We are fast approaching a moment of truth in this country: either we deliver differently or we have fewer public services.  This point of decision is approaching fast.  Soon, many local authorities are already running on half of the income they had at their peak in 2010. The NHS, while protected, has to meet the runaway costs of health-inflation, growing demand and the crippling costs of wage settlements agreed during the years of plenty.   
Virtually all of the public services leaders I speak to are acutely aware that the clock is ticking down.  They recognise that the business-model of most of today's public services is no longer really fit for purpose. The difficulty they all face is not so much one of knowing what they want but how to get from today's reality to tomorrow's possibility. Even the real visionaries struggle enormously with the leadership task of getting their politicians, staff and communities aligned around a new type of settlement which involves replacing the old with the new. 
So what will 2014 hold for those hoping to deliver differently?  This is a year when we can hope for more movement than has been seen so far. The penny is dropping in many places that there is now a choice between doing things differently or a double-dose of electorally unpopular cuts and tax rises. The rise in the number of bids from councils to the Mutuals Support Programme and the encouraging response to the new Delivering Differently Fund are good omens.
For those seeking to 'step out', there is the added boon given by new EU rules which create a more permissive regime for smaller spin outs and give a greater clarity around how authorities need to go about creating large new public service mutuals. This is discussed in brief in this newsletter and in more detail here on our blog. A key message is that the new procurement rules do replace legal ambiguity around the formation of new spin outs with proper clarity - and this is to be welcomed. 
If you are reading this and wondering whether to set one up, our message is that if you do, you have timed your run perfectly. There is a network of people to support you, there is funding, and you may well be pushing on an open door within your own organisation.  Do get in touch if you want to talk - we can help.

-- Craig
On the sofa…

This month, something a little different, we talk to Jonathan Lewis about a partnership with Serco... 
Read more>>


Ask the Expert
I’ve heard there are new procurement rules coming in – will this make it easier or harder for a mutual to get an uncontested contract?

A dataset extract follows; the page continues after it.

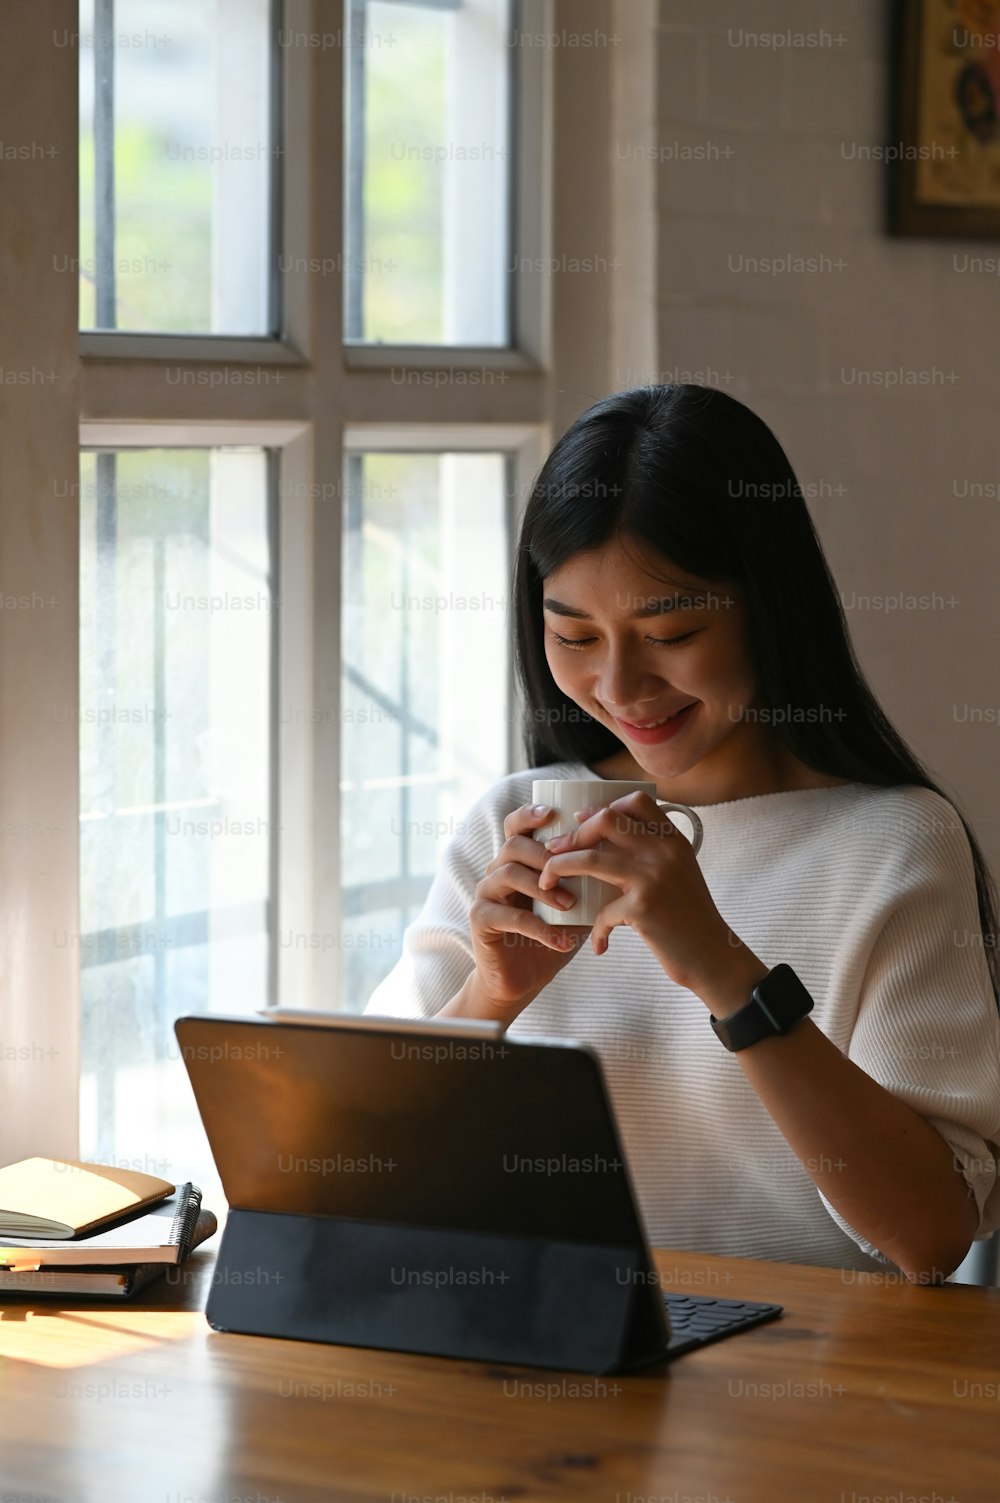 하얀 면 드레스를 입은 젊은 창조적인 여성이 커피 컵을 손에 들고 편안한 거실을 배경으로 나무 테이블에서 일하는 사진.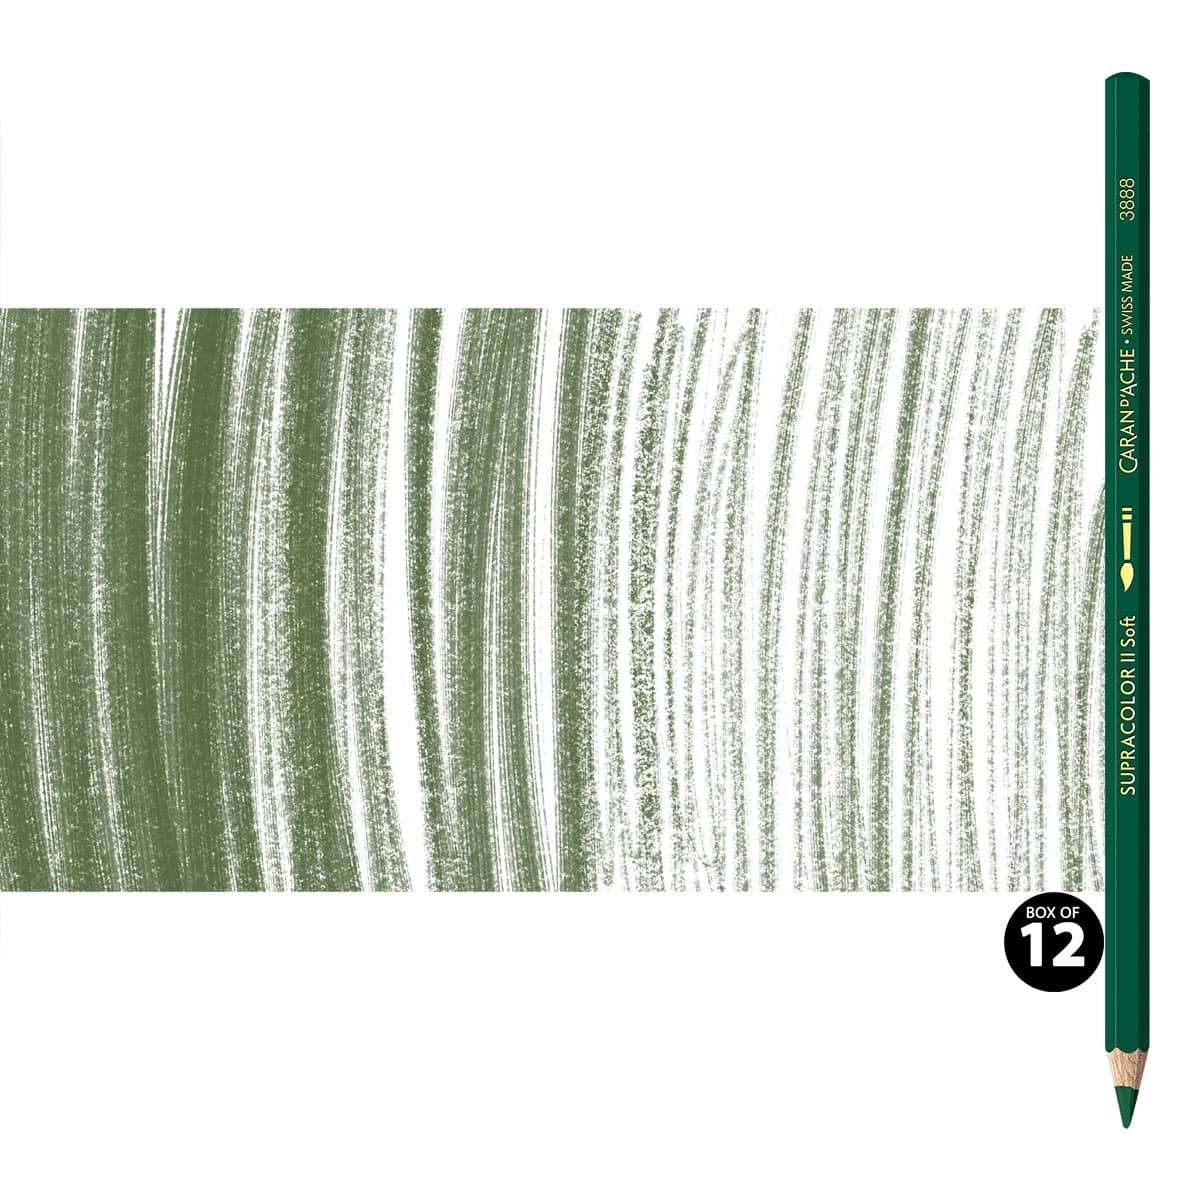 Supracolor II Watercolor Pencils Box of 12 No. 229 - Dark Green

The short answer to this question is that ‘it’s complicated’!

New procurement rules from the EU mean that the way councils will need to go about setting up mutuals will have to change, in all likelihood, from June 2014.  

There are three important points to take on board.  
  1. The new rules mean that all services with a contract value under €750,000 (c. £635,000) do not need to go through any procurement process at all.  
  2. Councils will no longer be able to simply offer new mutuals an uncontested contract for services over the €750,000 threshold for services of a social nature.
  3. The EU has created a special list of services, for which the council can, if it chooses, restrict the competition only to organisations which themselves have a clear social mission, commitment to employee involvement and a commitment to reinvestment of profits. This list of services includes most social care, education, youth, library and heritage services.
So, very small staff-led ventures in most areas of council activity could easily be offered a contract without a need for further procurement effort on the part of councils, provided the case is made under their own contract standing orders. 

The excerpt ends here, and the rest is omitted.